**RECORDS SHOWN:**
-*-*-
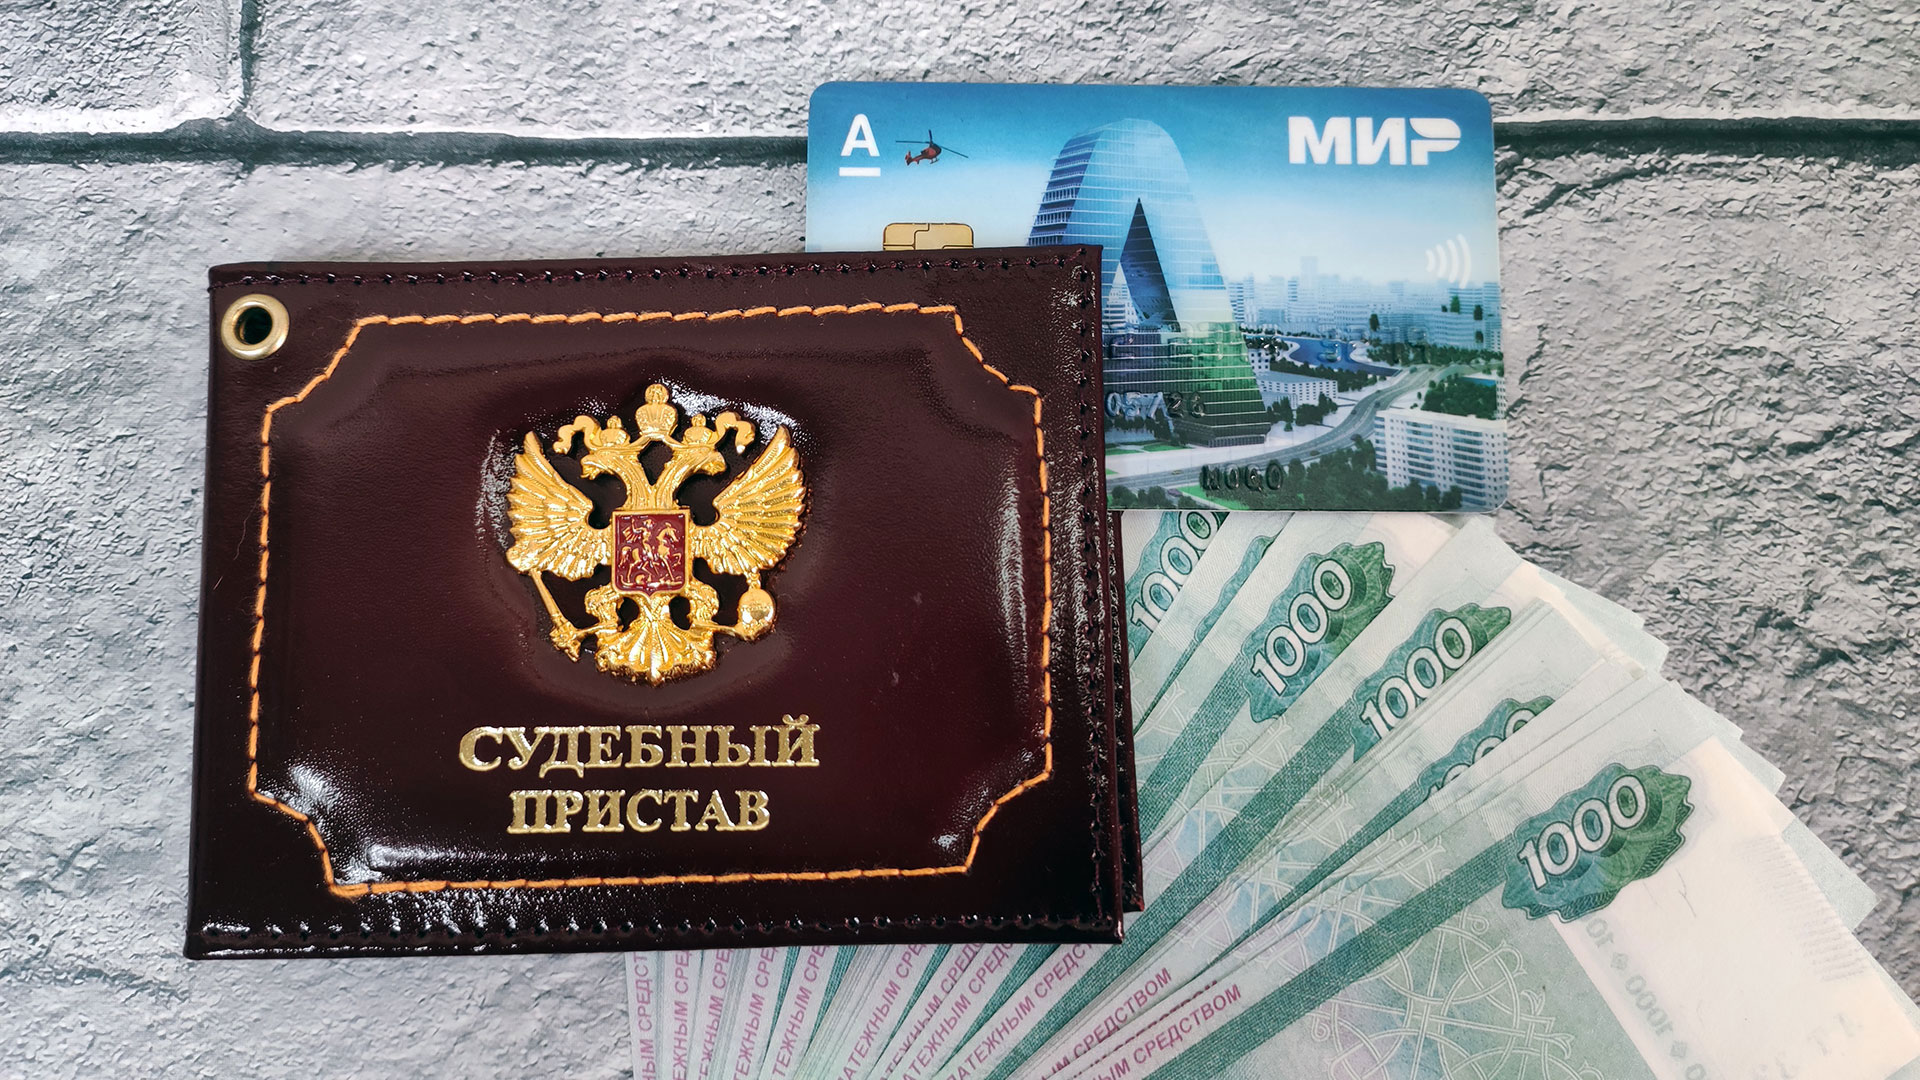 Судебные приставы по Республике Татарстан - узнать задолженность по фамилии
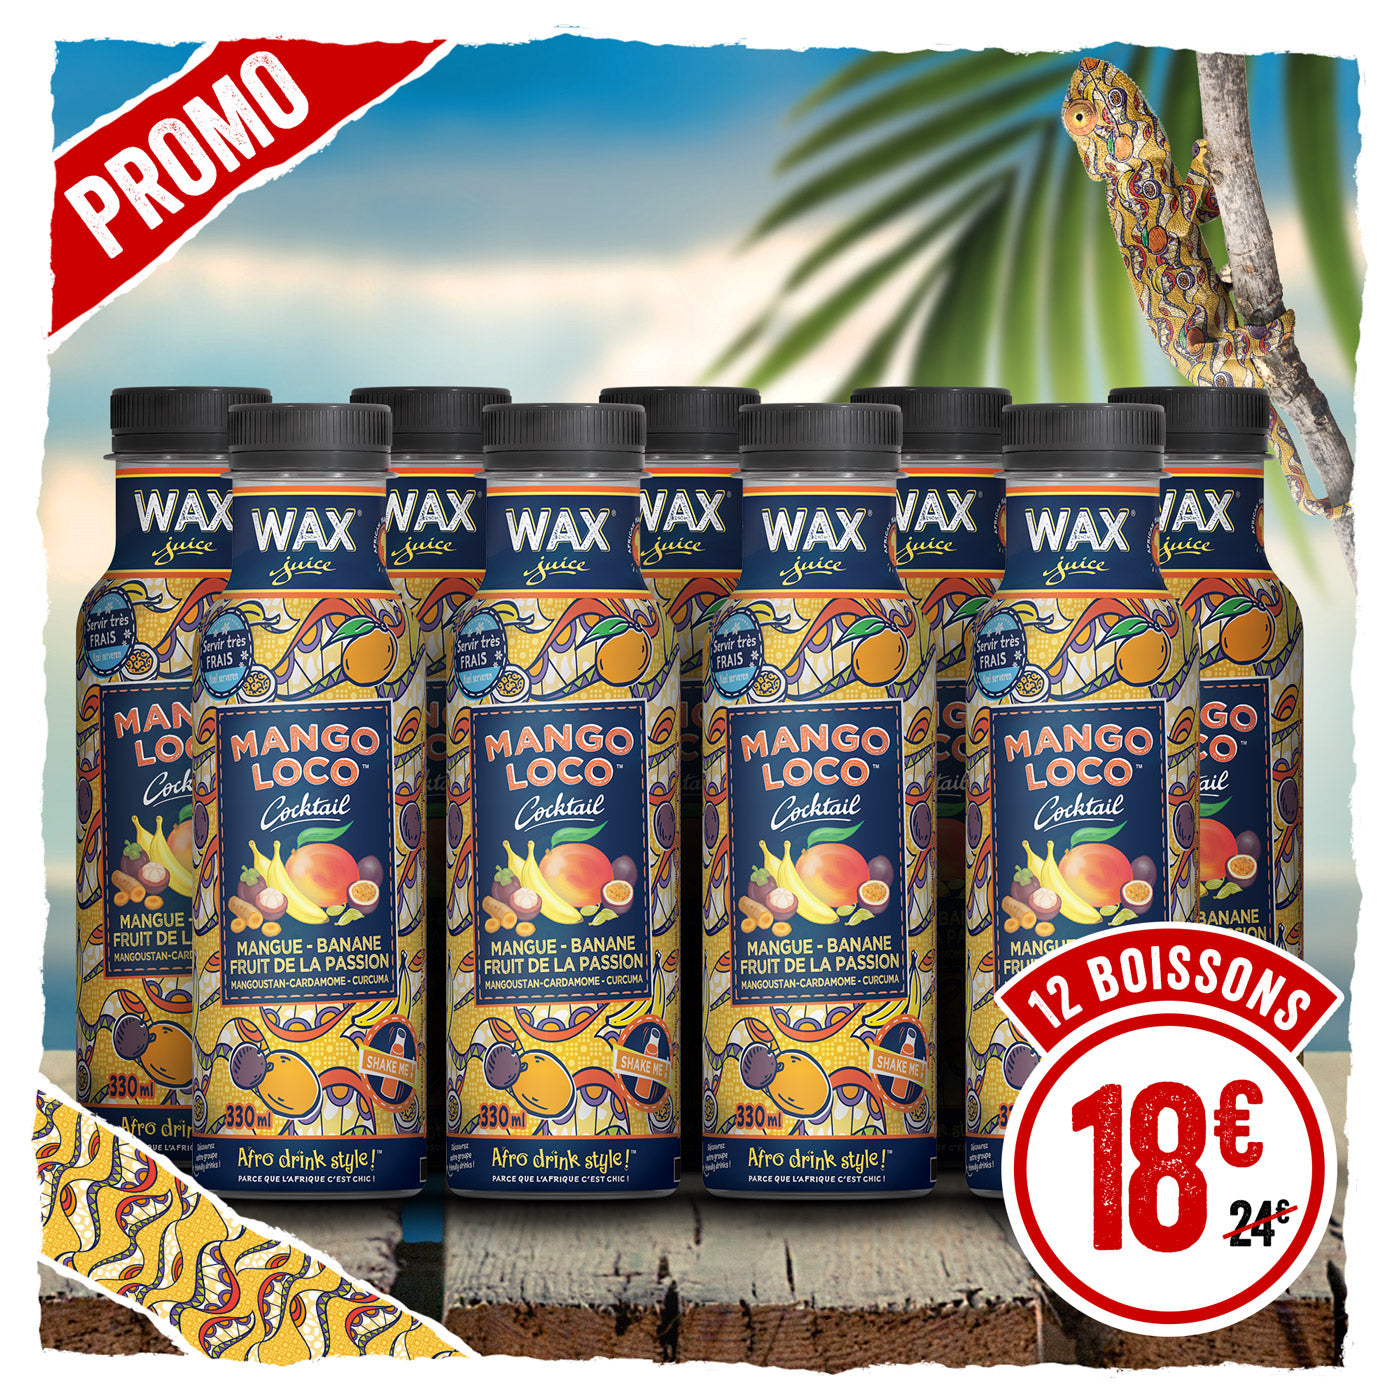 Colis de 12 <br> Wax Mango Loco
-*-*-
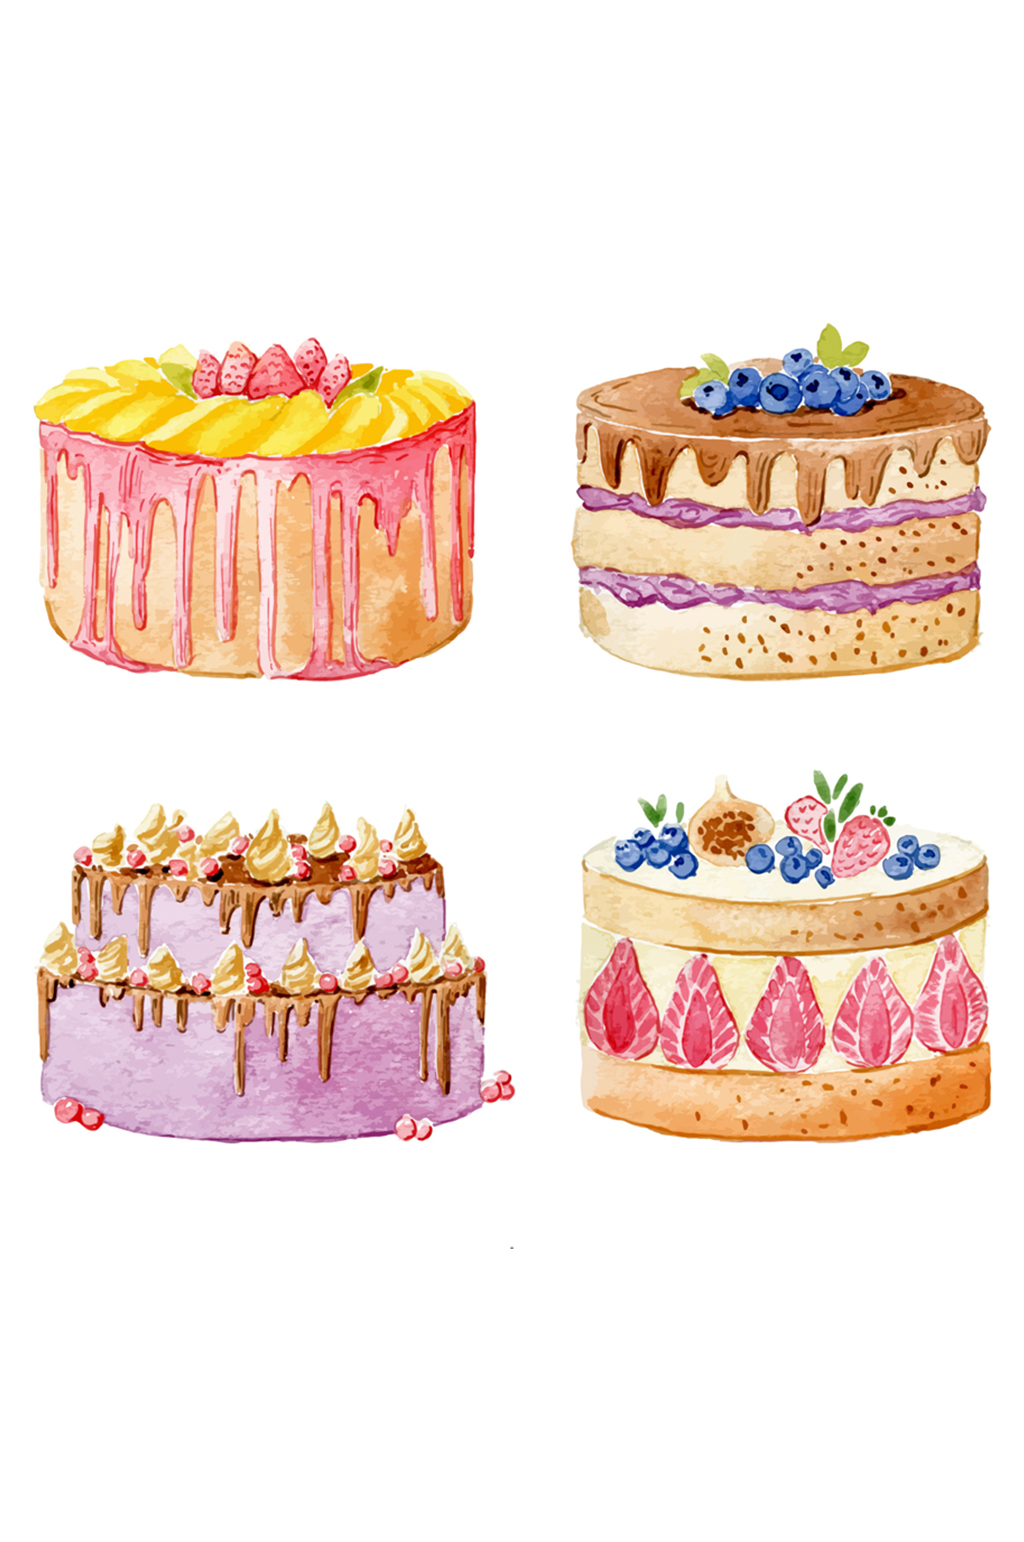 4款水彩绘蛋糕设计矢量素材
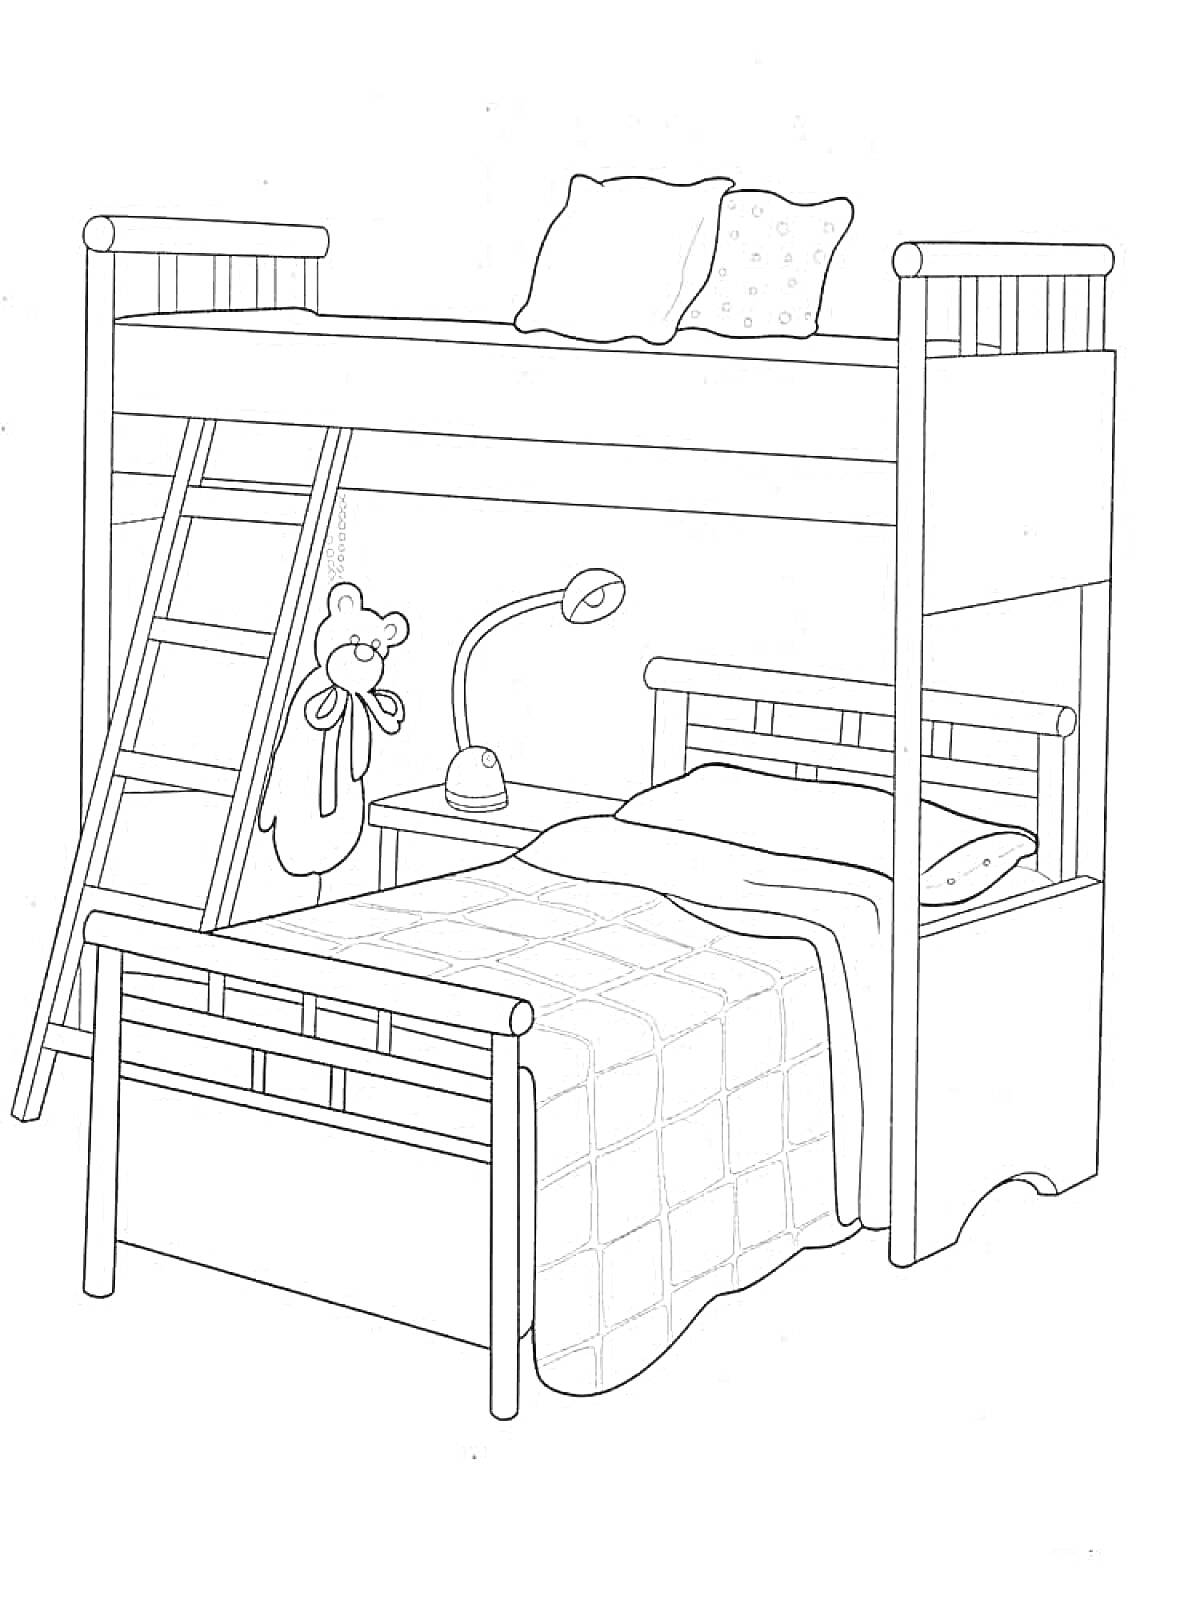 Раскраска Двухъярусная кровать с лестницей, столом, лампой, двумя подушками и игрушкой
-*-*-
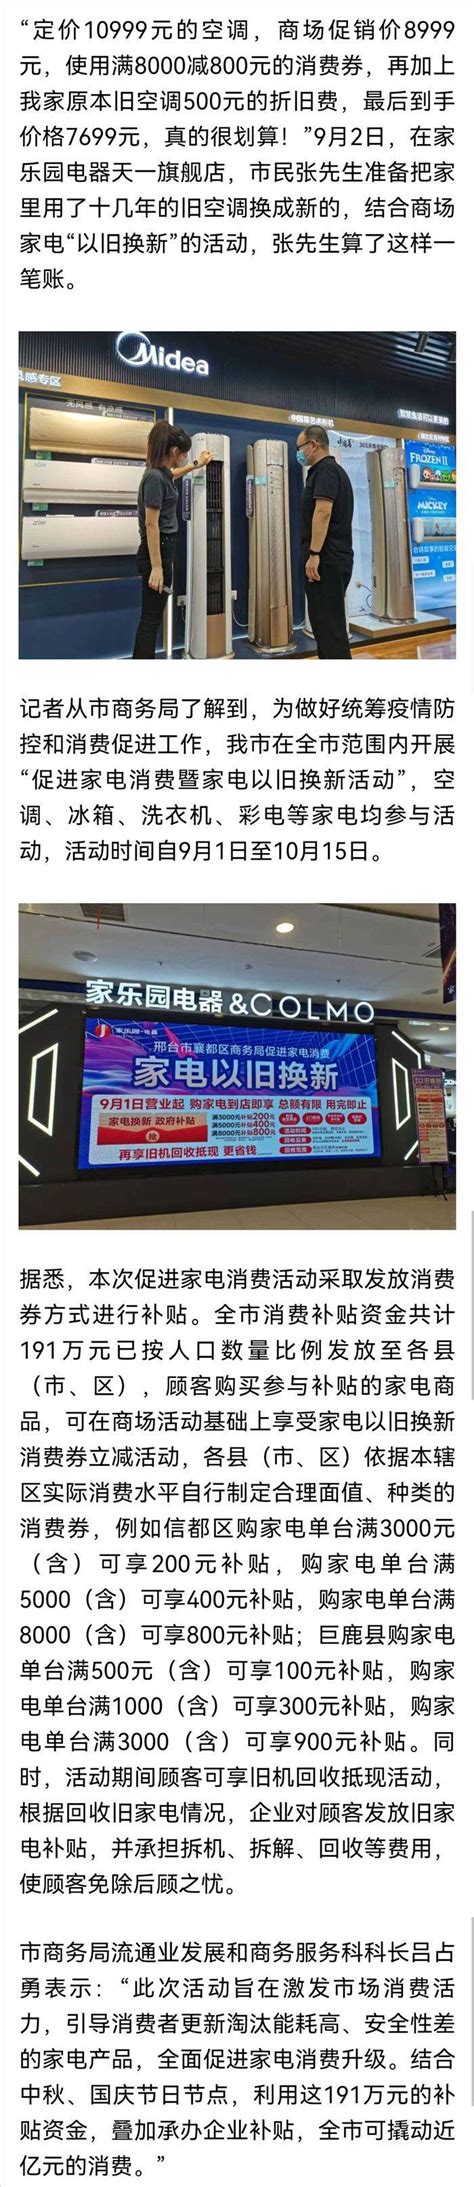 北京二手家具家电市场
-*-*-
**WHAT IS EXPECTED:**
Only the lines above from the one with "Судебные приставы по" to the one with "Colis de 12 <br> Wax Mango Loco" should be printed, both included and exactly as written; no picture belongs in the copy.

**ANSWER AREA:**
 Судебные приставы по Республике Татарстан - узнать задолженность по фамилии
 Colis de 12 <br> Wax Mango Loco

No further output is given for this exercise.